WHY? There are several spiritual and natural blessings to obtain by this godly choice.

  1. God commands it, so we humbly esteem His precept in this matter supreme (Ps 119:128).
  2. We want to leave a godly seed in the earth – this requires a godly marriage for holy children.
    1. Remember the mingling of the holy seed that God hates (Ezra 9:2 cp Mal 2:11-16).
    2. Unbelieving wives or weak and carnal wives will lead our children away from God.
    3. Marriage is “leading about a sister”: a fellow heir of eternal life (I Cor 9:5; I Pet 3:7).
    4. Our families must present godly Christianity to the world and produce faithful saints.
    5. We are in a war as before the flood – the sons of God against the daughters of men.
  3. We must avoid sour marriages bringing grief and shame to us, our children, and the gospel.
    1. How can two walk together, except they be agreed (Amos 3:3)? Marriage needs it.
    2. It is intimate, personal, life altering, permanent, and costly (Pr 12:4; 30:23; Ec 7:26).
    3. Two are better than one, but only if compatible and united spiritually (Eccl 4:9-12).
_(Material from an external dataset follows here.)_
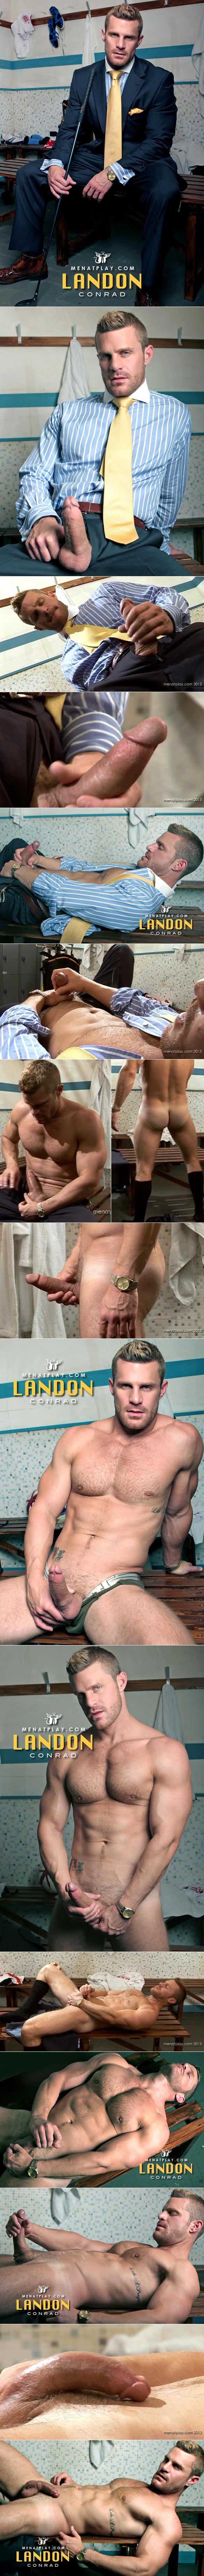 Lockerroom Jerk Off - MenAtPlay: Landon Conrad's hot locker room jerk off | Fagalicious - Gay Porn  Blog
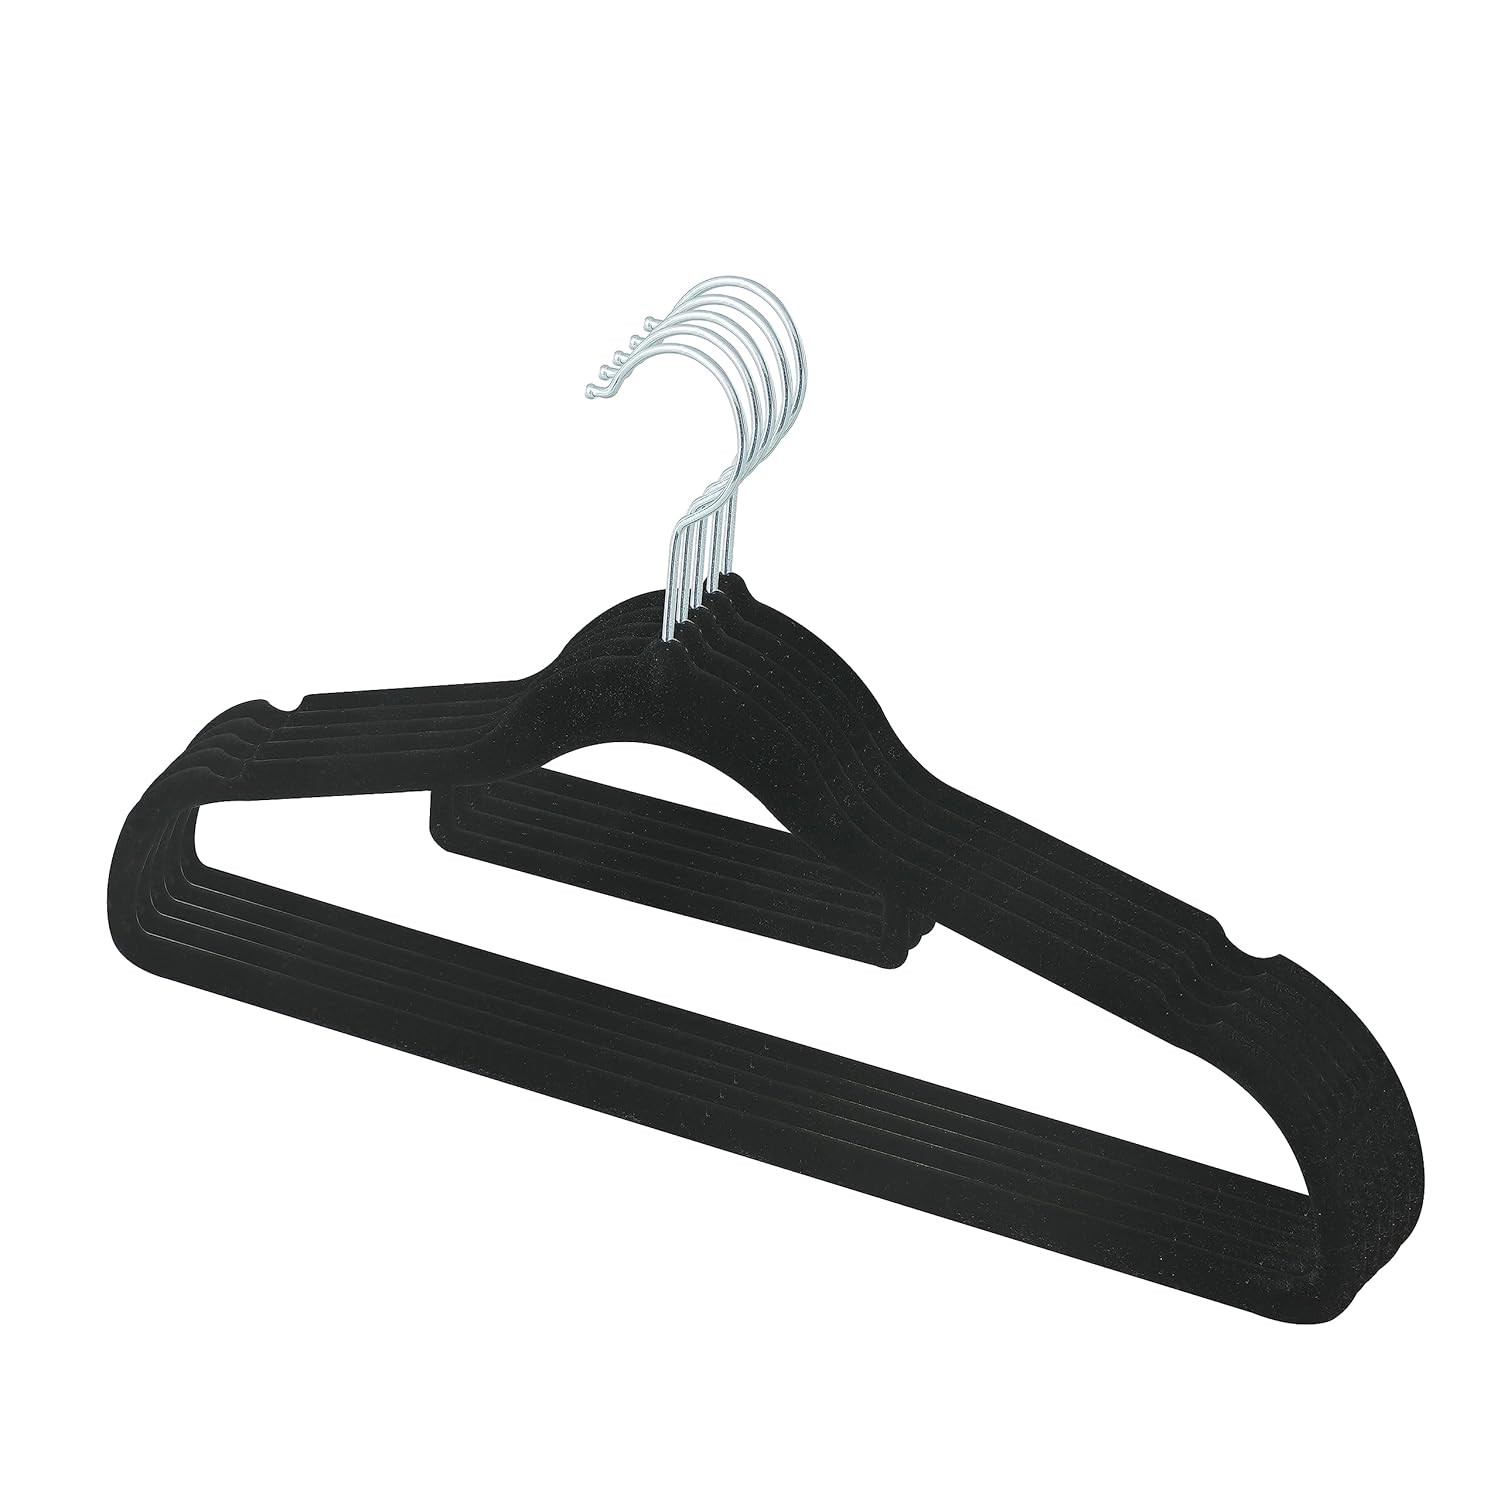 Kuber IndustriesVelvet Cloth Hanger Set of 5 With Chromed Plated Steel Hook (Black)

    4. Marry wisely and expect peace, performance, leverage, holy home, blessing, etc.
  4. How are differences, problems, or questions best resolved in a marriage? This is important.
    1. God created love, sex, and marriage. Therefore, let us heed the Creator’s manual.
    2. Scripture is relevant and sufficient for perfection (II Ti 3:16-17; Ps 19:7-11; Is 8:20).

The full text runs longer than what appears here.